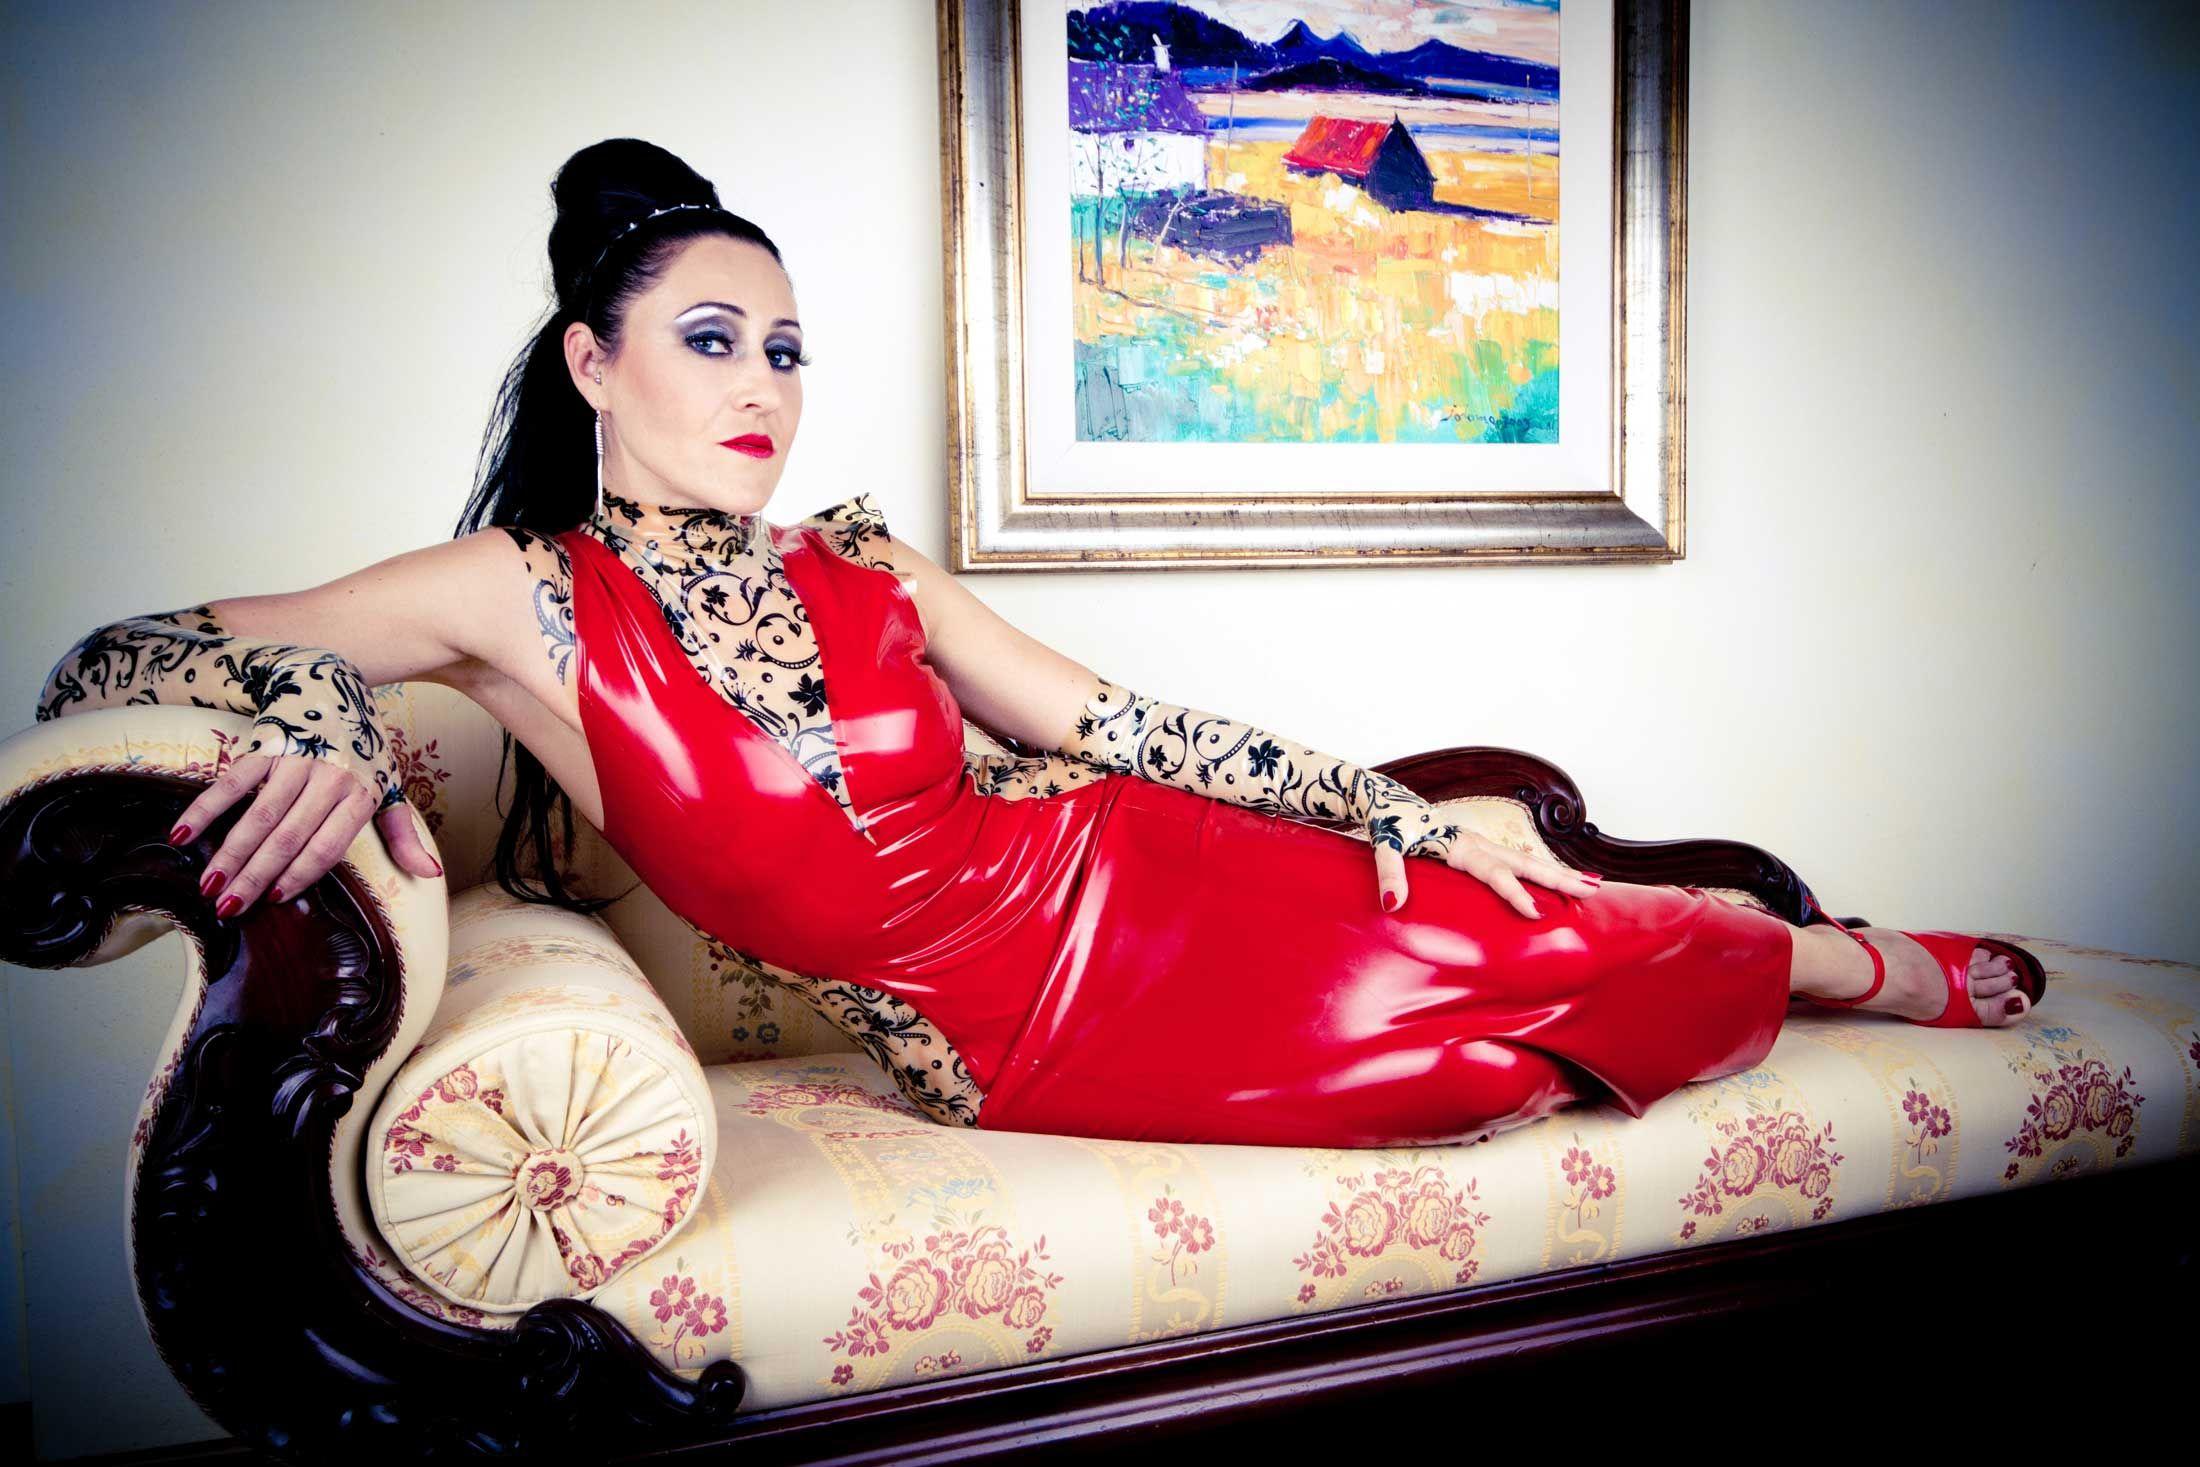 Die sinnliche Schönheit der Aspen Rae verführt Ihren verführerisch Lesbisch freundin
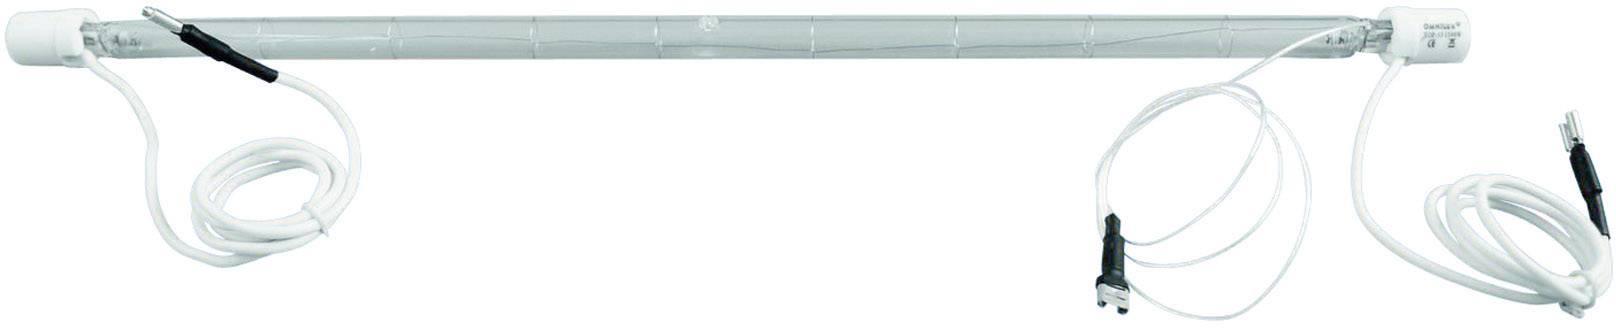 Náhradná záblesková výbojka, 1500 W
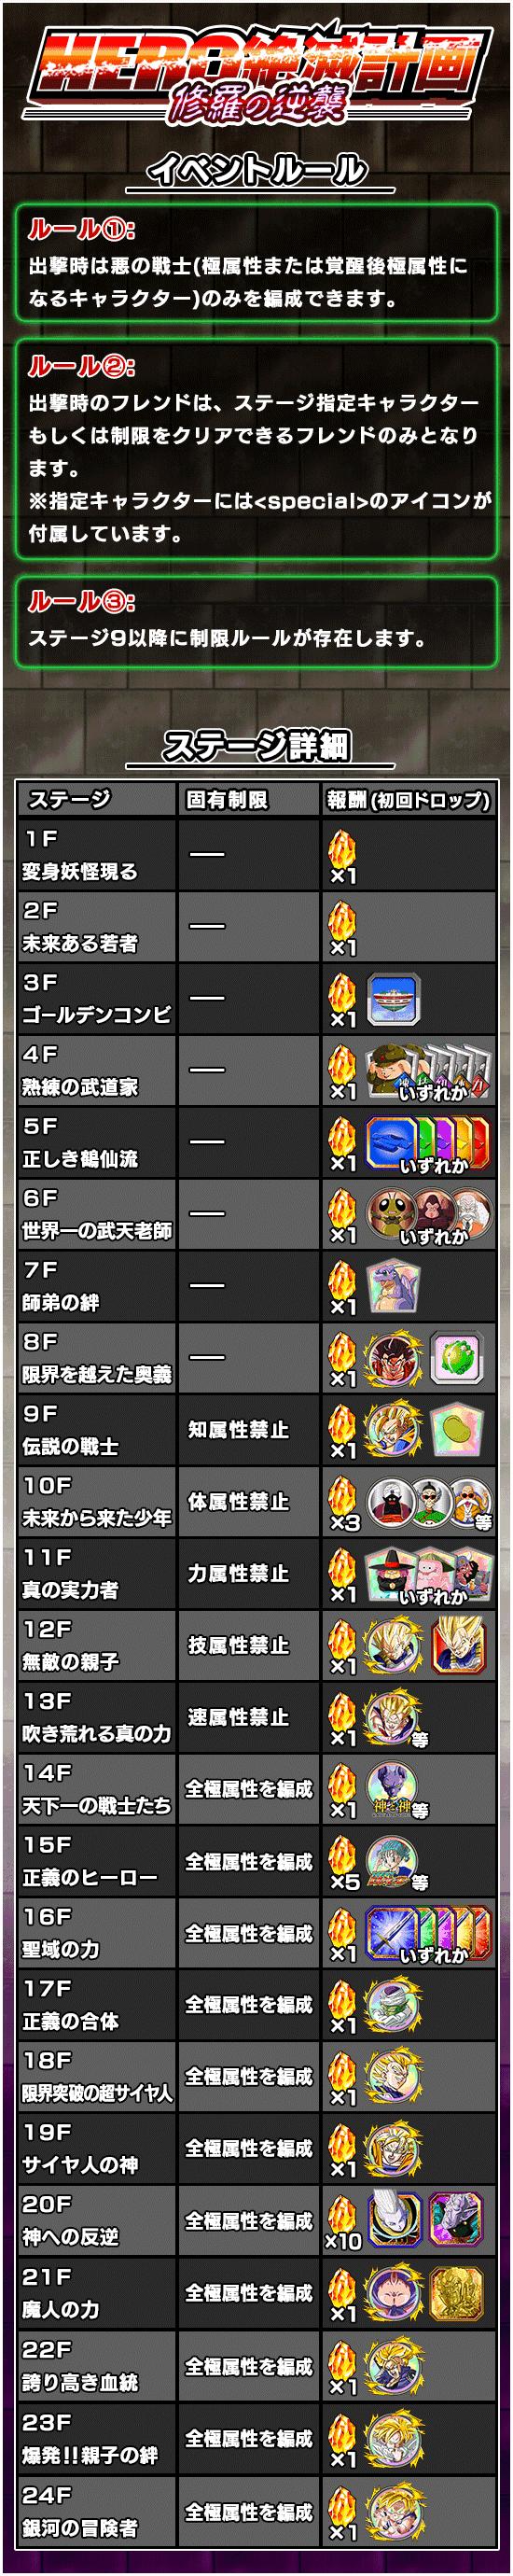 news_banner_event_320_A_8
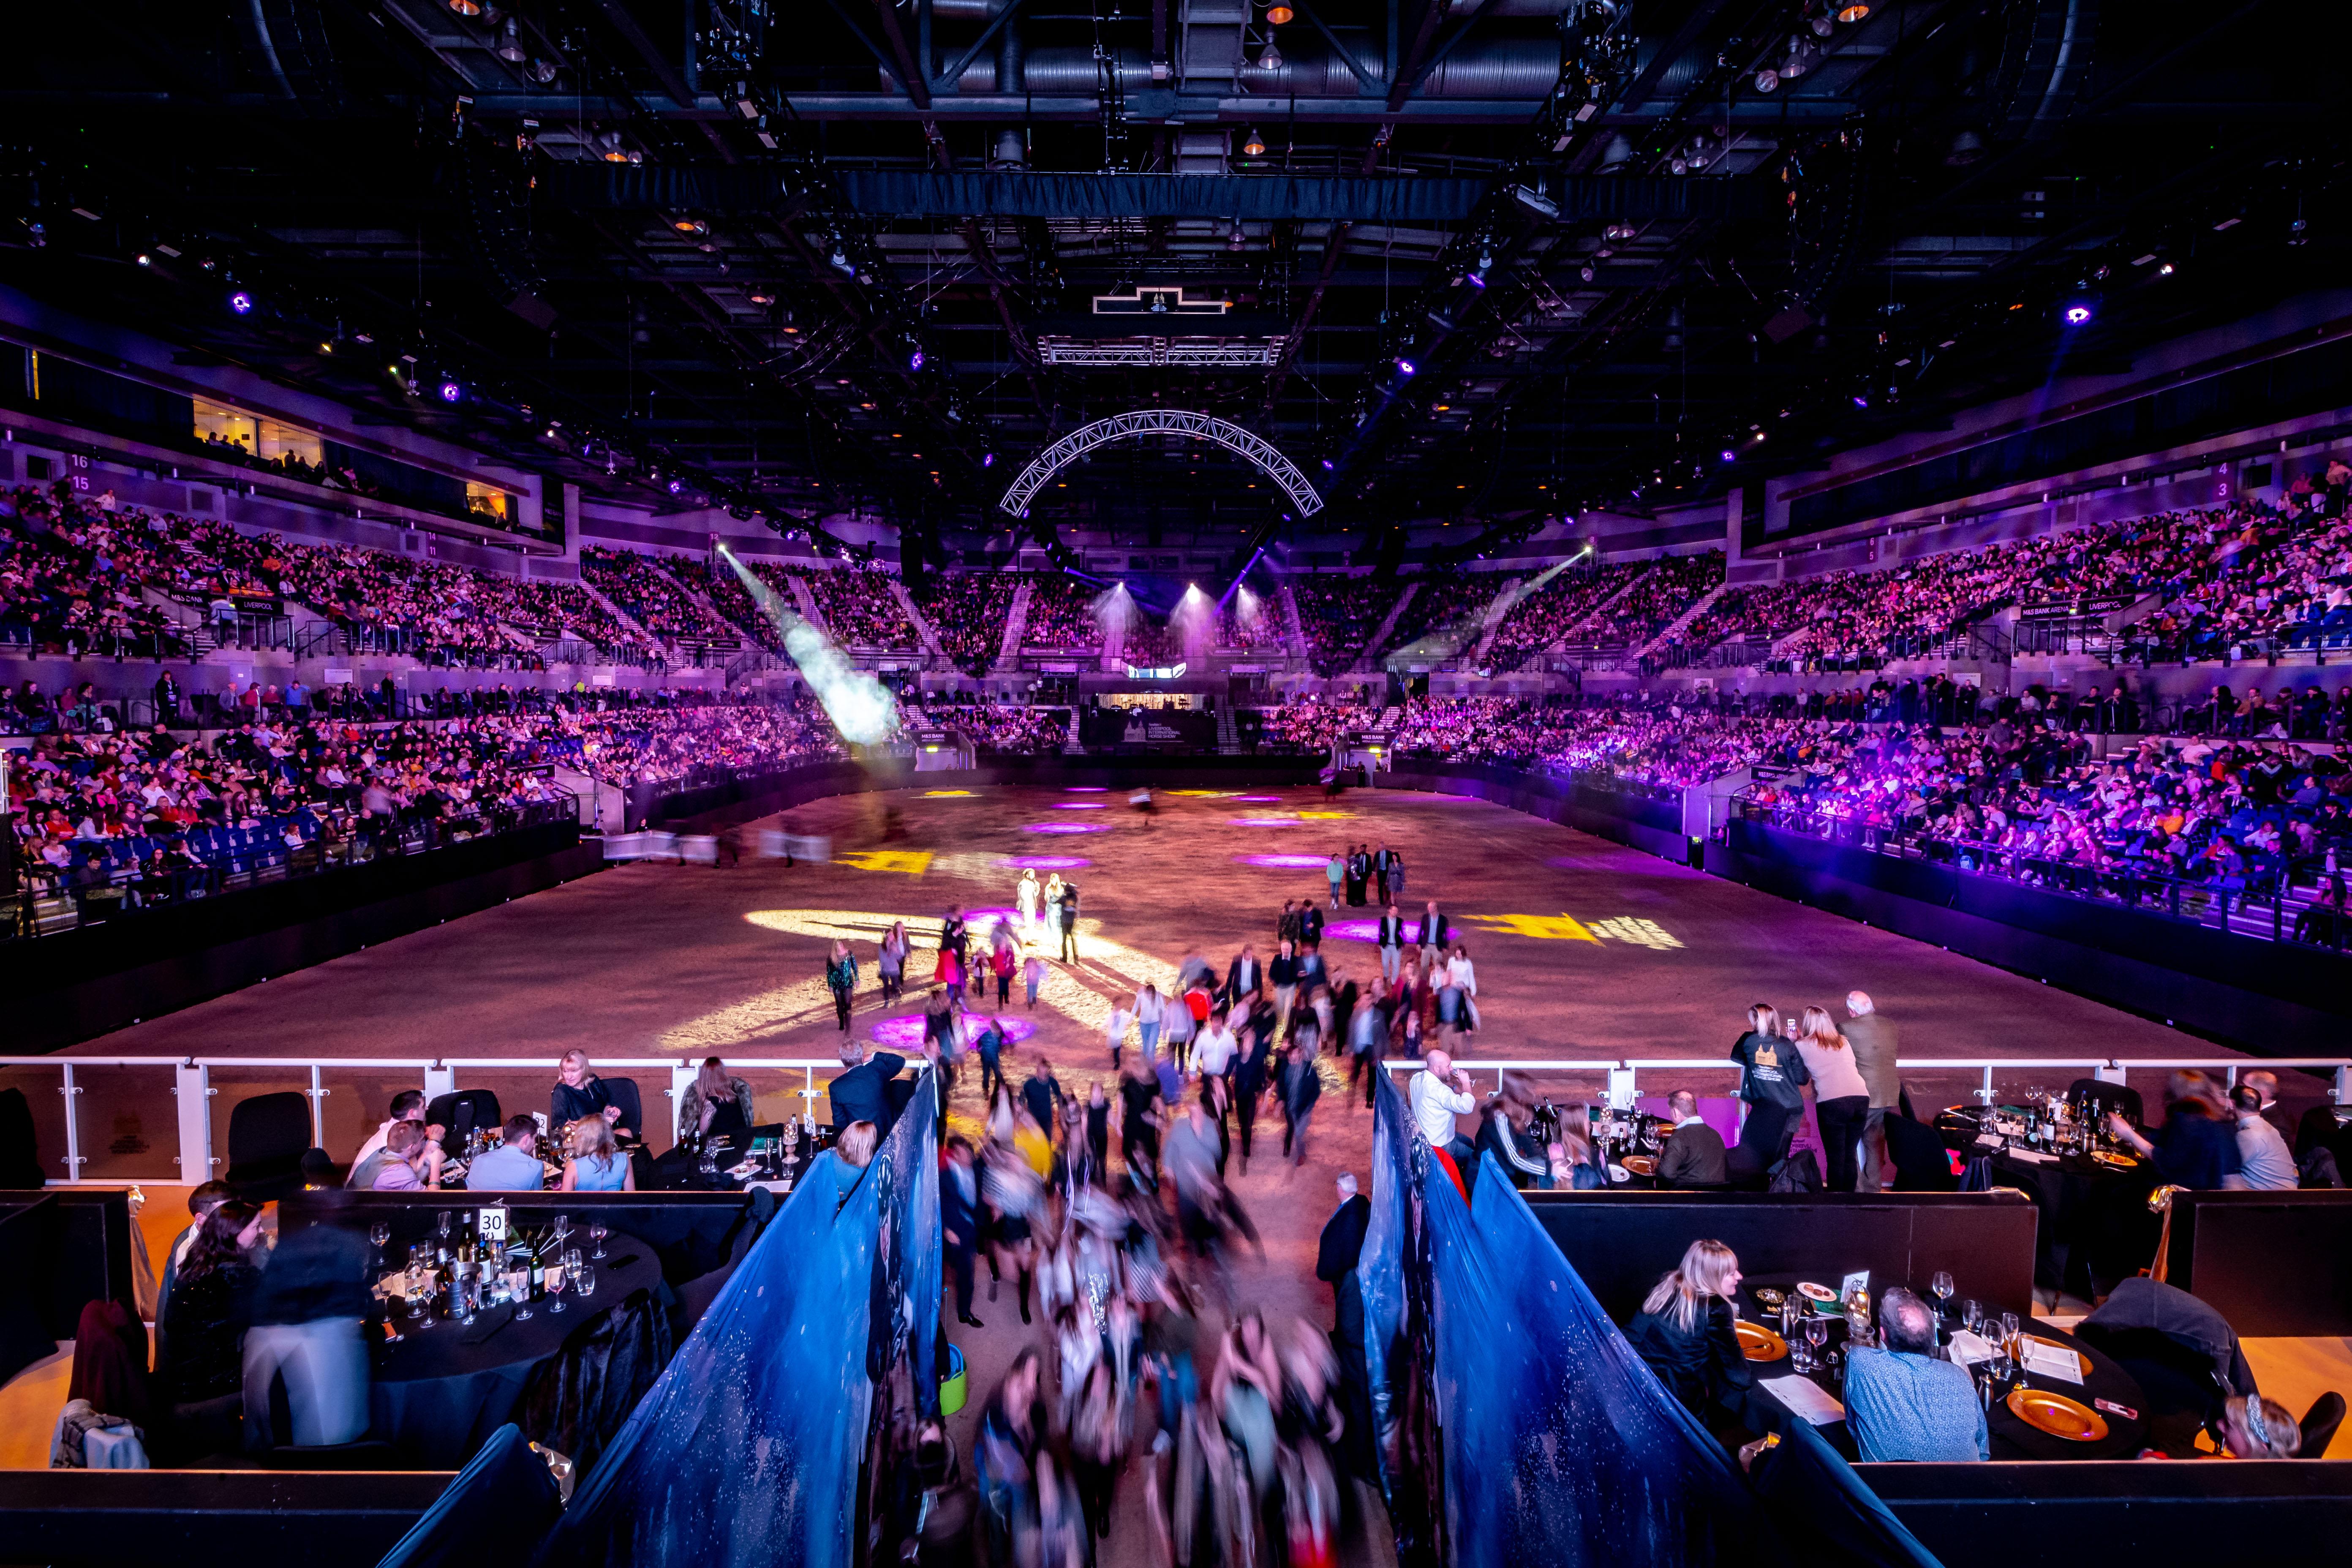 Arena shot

══════════

• **Work to complete**: Output the complete listing exactly. Pictures stay out.

• **Answer box**:
 Die sinnliche Schönheit der Aspen Rae verführt Ihren verführerisch Lesbisch freundin
 Náhradná záblesková výbojka, 1500 W
 news_banner_event_320_A_8
 Arena shot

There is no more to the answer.